In January 2016 antiquarian bookseller William P. Watson of London published preliminary results of his bibliographical researches on Bolyai's work in his *Catalogue 21, Science, Medicine, Natural History*, item No. 14, from which I quote:

"... Apart from the Appendix, hardly any two copies of the *Tentamen* agree in collation, and the great variation amongst them, including cancel leaves and gatherings, indicates that the publishing history of this work was confused, and remains confusing.

"Bolyai illustrates his textbook with 14 folding plates, five of which are inventively augmented with numerous small flaps. These plates contain as many as 10 slips, often concealed one behind the other; plate 10 also displays a single volvelle, which has gone unrecorded in most bibliographies to date; although not described in the printed or on-line catalogue entries, it is present in most copies. One point of bibliographic confusion has been clarified: the Horblit/Grolier Catalogue (based on the Smithsonian copy) lists an overslip on plate 6 that is not recorded in any other copy. Upon investigation it appears that an integral part of the plate (the lower portion of the diagram labelled T.144) was inadvertently detached during rebinding and subsequently reattached on a stub, leading to the conclusion that this was a required flap.
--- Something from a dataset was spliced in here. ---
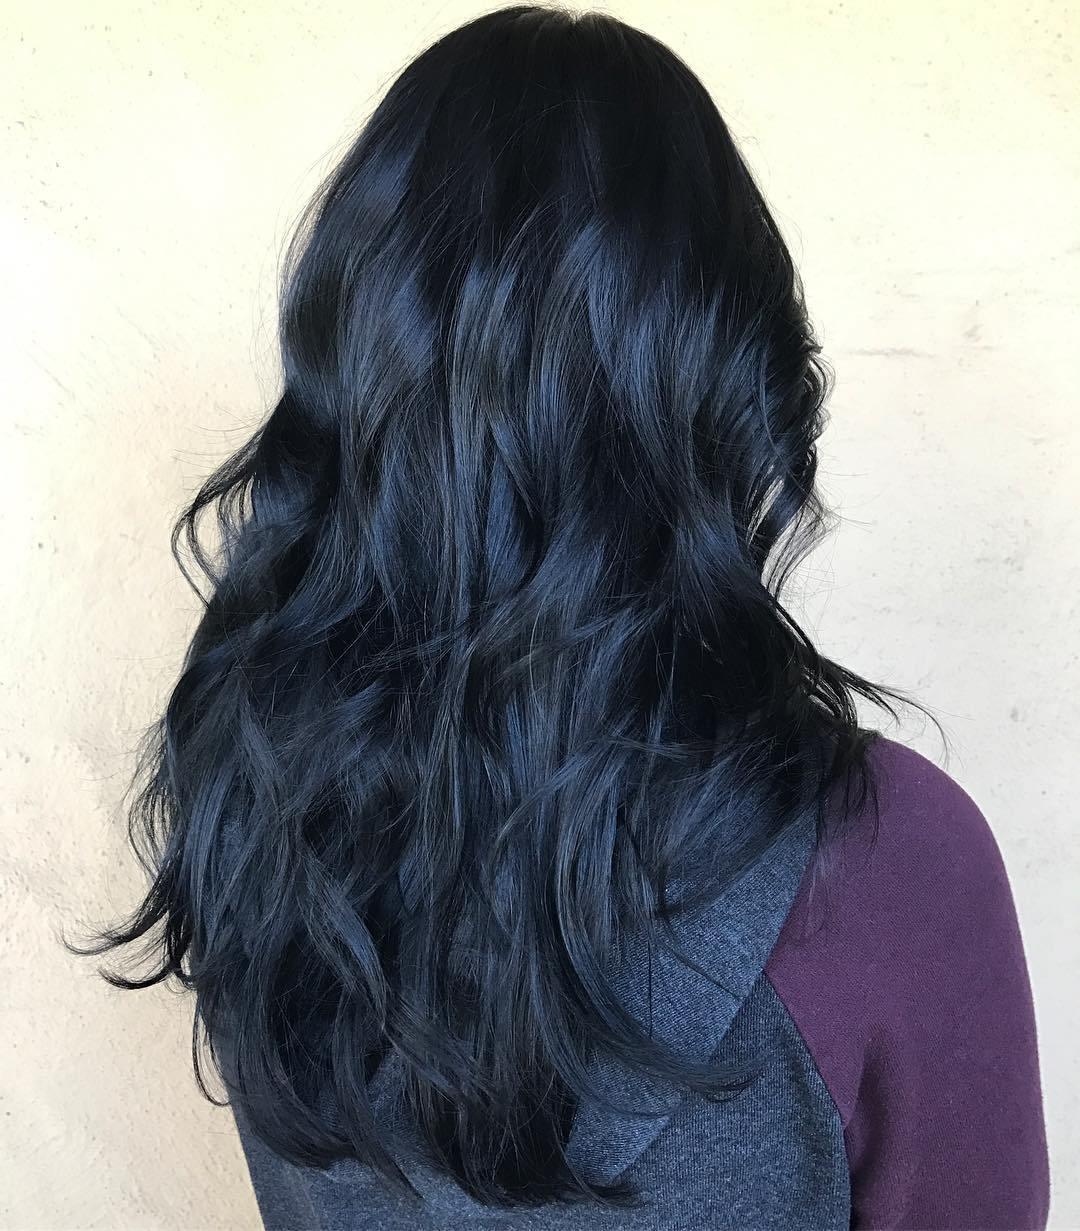 тенденции окрашивания волос 2019 года фото 5

"Fewer than 25 copies are known: Stanford University: Haskell Norman collection (sold 29 October 1998 Christie's New York); Yale (Cushing copy, the first volume with Appendix only); Smithsonian Institution (Dibner copy, which was also the copy described in Horblit); Huntington (formerly the Burndy Library; the copy owned by Bolyai's translaor into English, George Bruce Halsted); Boston Public Library; University of Kentrucky (Louisville), and four in private collections. In Europe there are copies recorded at the Royal Society London; University College London; Austrian National Library; Hungarian National Library (Budapest); Leipzig, Göttingen (two, one Gauss's copy) Bordeaux (Jules Hoüel, translator of the Appendix 1867) and Trento (vol 1 only, and that seriously defective, lacking text and all the plates). There are two copies in private collections, one comprising vol. 1 only. There was one in Berlin (lost or destroyed in WWII). The copy sometimes described at Kanazawa Institute of Technology appears to be a ghost.

"There are numerous variations in collation etc. amongst these copies. We are compiling a detailed census and concordance which should be available shortly...."

Kline, *Mathematical Thought from Ancient to Modern Times* (1972) 873-880.